Our long-term plans had then been to advance up into China, but that is certainly not imminently possible. China itself is recovering well and new infections are almost exclusively actually now imported rather than by transmission among themselves. Thus with a great flip of circumstance they are not overly keen on welcoming tourists, either recommending or insisting on a period of quarantine. Of course this is sensible prudent practice.
This brings up the moral footnote…
Of course we are not oblivious to the fact that flitting from one country to another at this time is far from totally responsible behavior. However, visa duration limitations and the penalties for overstaying force hundreds of thousands of backpackers worldwide to keep moving. So, unable (or financially/time unwilling) to remain static the backpacker is currently, without doubt, a
massive liability to containment programs. The only true solution is for everyone to return to their home countries and not move until the virus has finally burnt itself out. For the UK that would see (and here I pluck a conservative estimate out of the air based on 1:10,000 of the population backpacking at any one time) some 7,000 individuals return home to self-isolate. Personally, we would have to shack up with my parents (both over 80, one a chronic asthmatic on steroids) or with Ali’s mum (even older and hypertensive) – that’s simply not going to happen. Across Europe a simultaneous return of all backpackers would see one hell of an influx and even as I type airlines are already slashing flights and cranking prices. Equally, where does this leave the tourism industry in countries – like Laos – who are so, so, reliant on it. The 2018 troubles in Nicaragua saw tourist visits cease and thousands of associated businesses went to the wall. The result? Failed business owners, their employees and dependents were forced to leave their families and seek employment in other cities (movement) and, in no small number, in nearby countries (movement). Or starve. Yes, stasis
hurts all businesses, but in the West there may well (surely will) be financial support, tax breaks, bridging loans available; in the developing world such buffers do not exist.
It may not be deemed necessary, certainly here in Asia where the tide appears to have turned in China, South Korea, Japan and Singapore (although, worryingly, Thailand, Malaysia and Cambodia are seeing some up-ticks in recent days), but a world-wide country lock-down needs be met with a sensible withdrawal of visa limitations for the entrapped.
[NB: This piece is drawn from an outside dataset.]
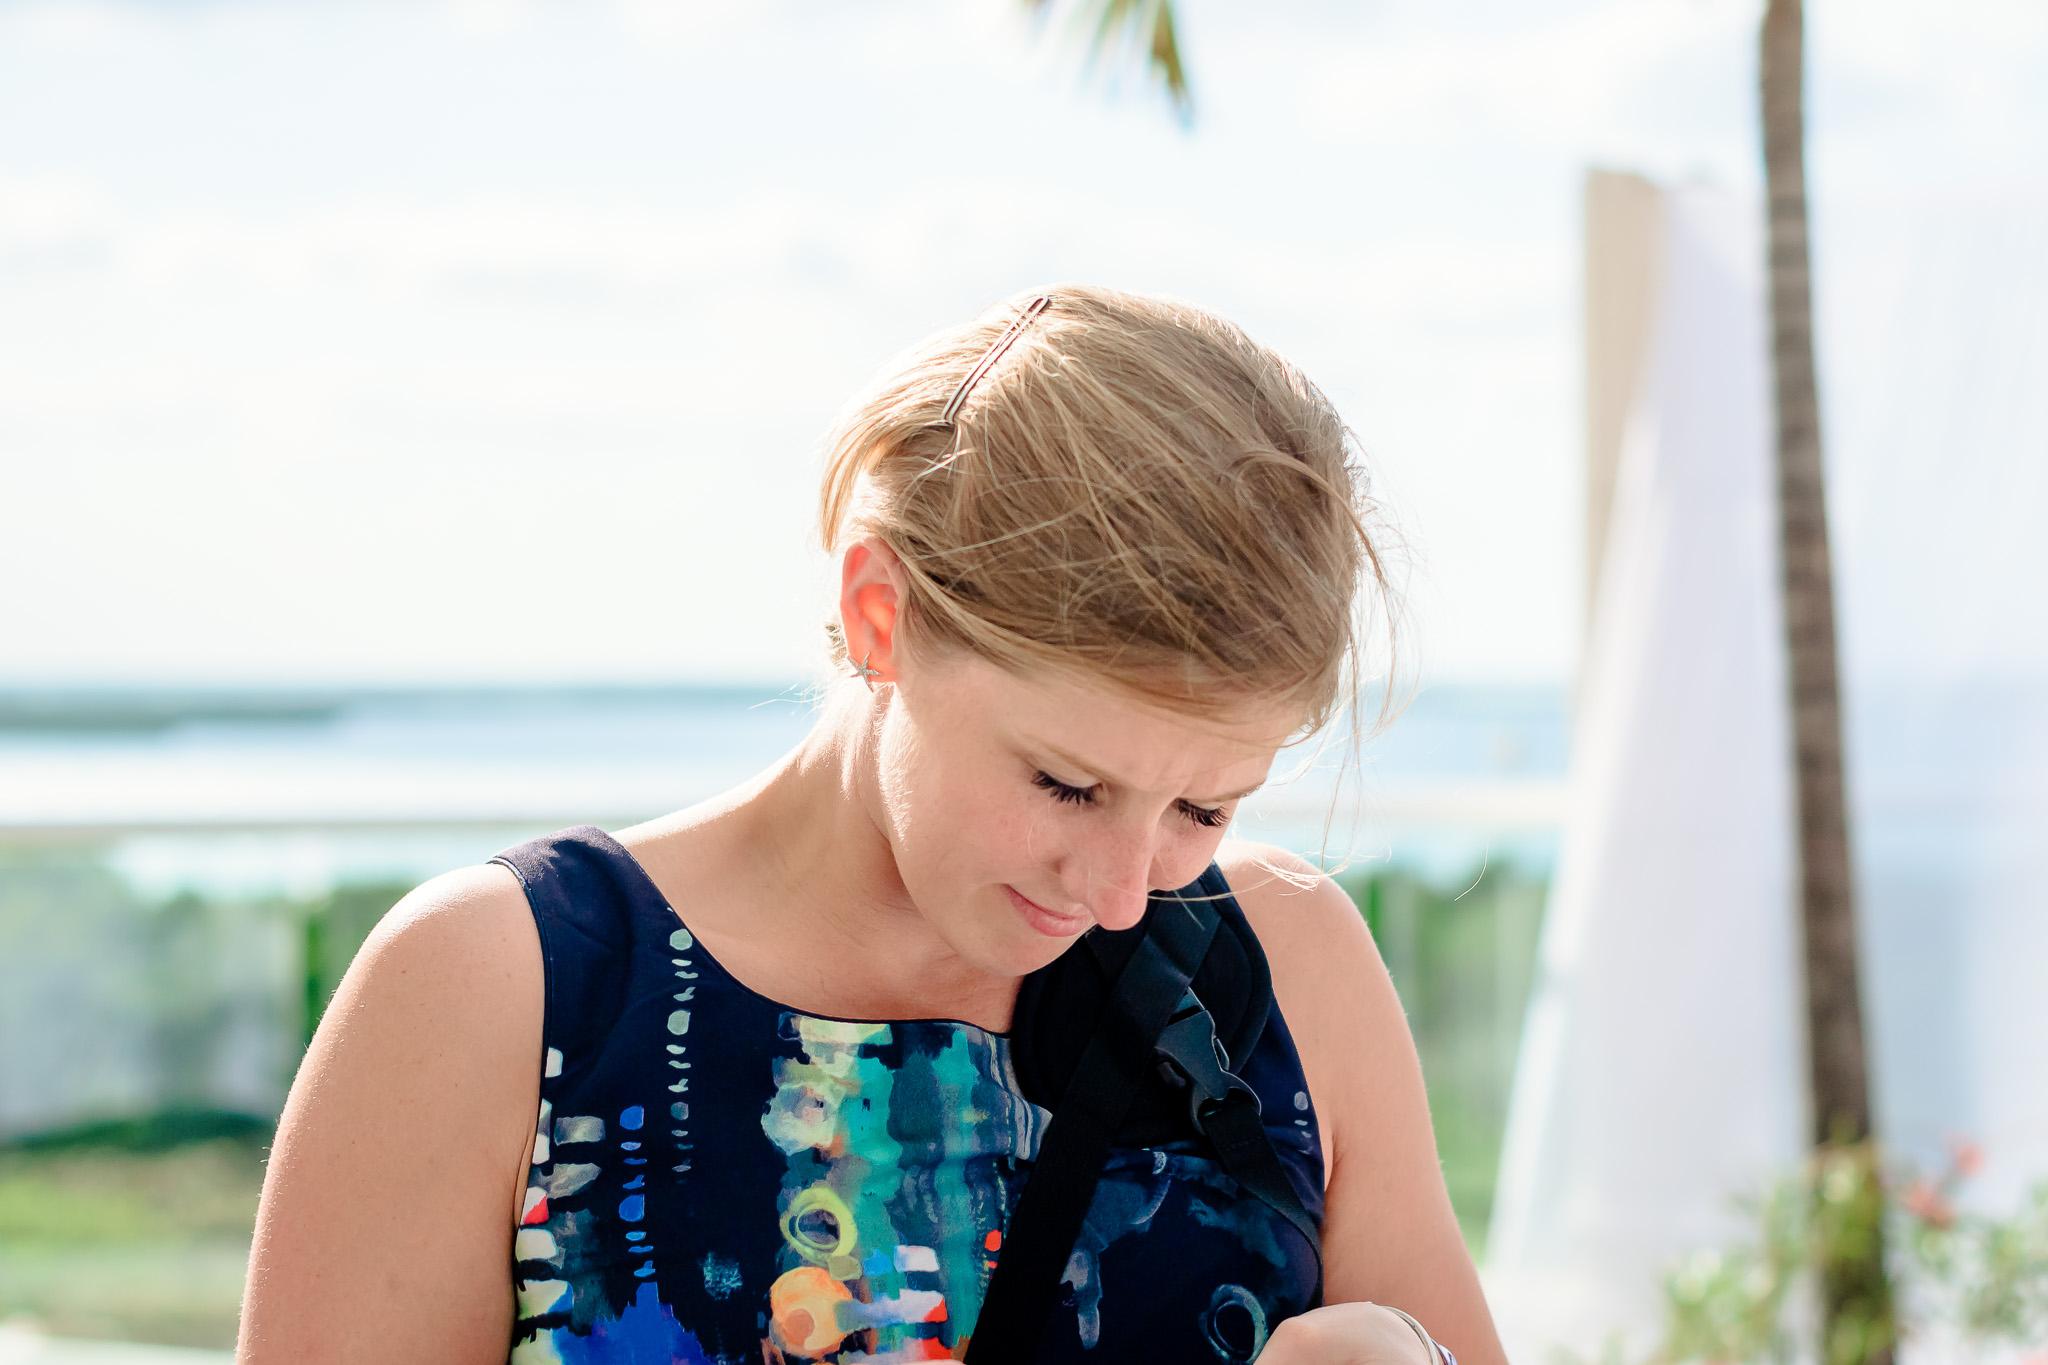 Wedding photographer behind the scenes_Stephanie Kopf Photography

These individuals need to be encouraged to do the right thing and just sit tight, spending their money in the immediate vicinity and helping dependent businesses survive. Hopefully the locale populace will be well enough informed to know that an (eg.) European individual is of no greater risk to them than their compatriates if those foreigners have been in that country for greater than two weeks.
And so a full circle. It was a strange time to be travelling during the first Gulf war, but this, for anyone born post-1945, is simply unprecedented.
Please keep washing those hands, minimizing journeys and drinking alcohol (OK, so the latter
is, sadly, almost certainly, complete misinformation – for once not coming from tee-total Trump - but, hell, any excuse….).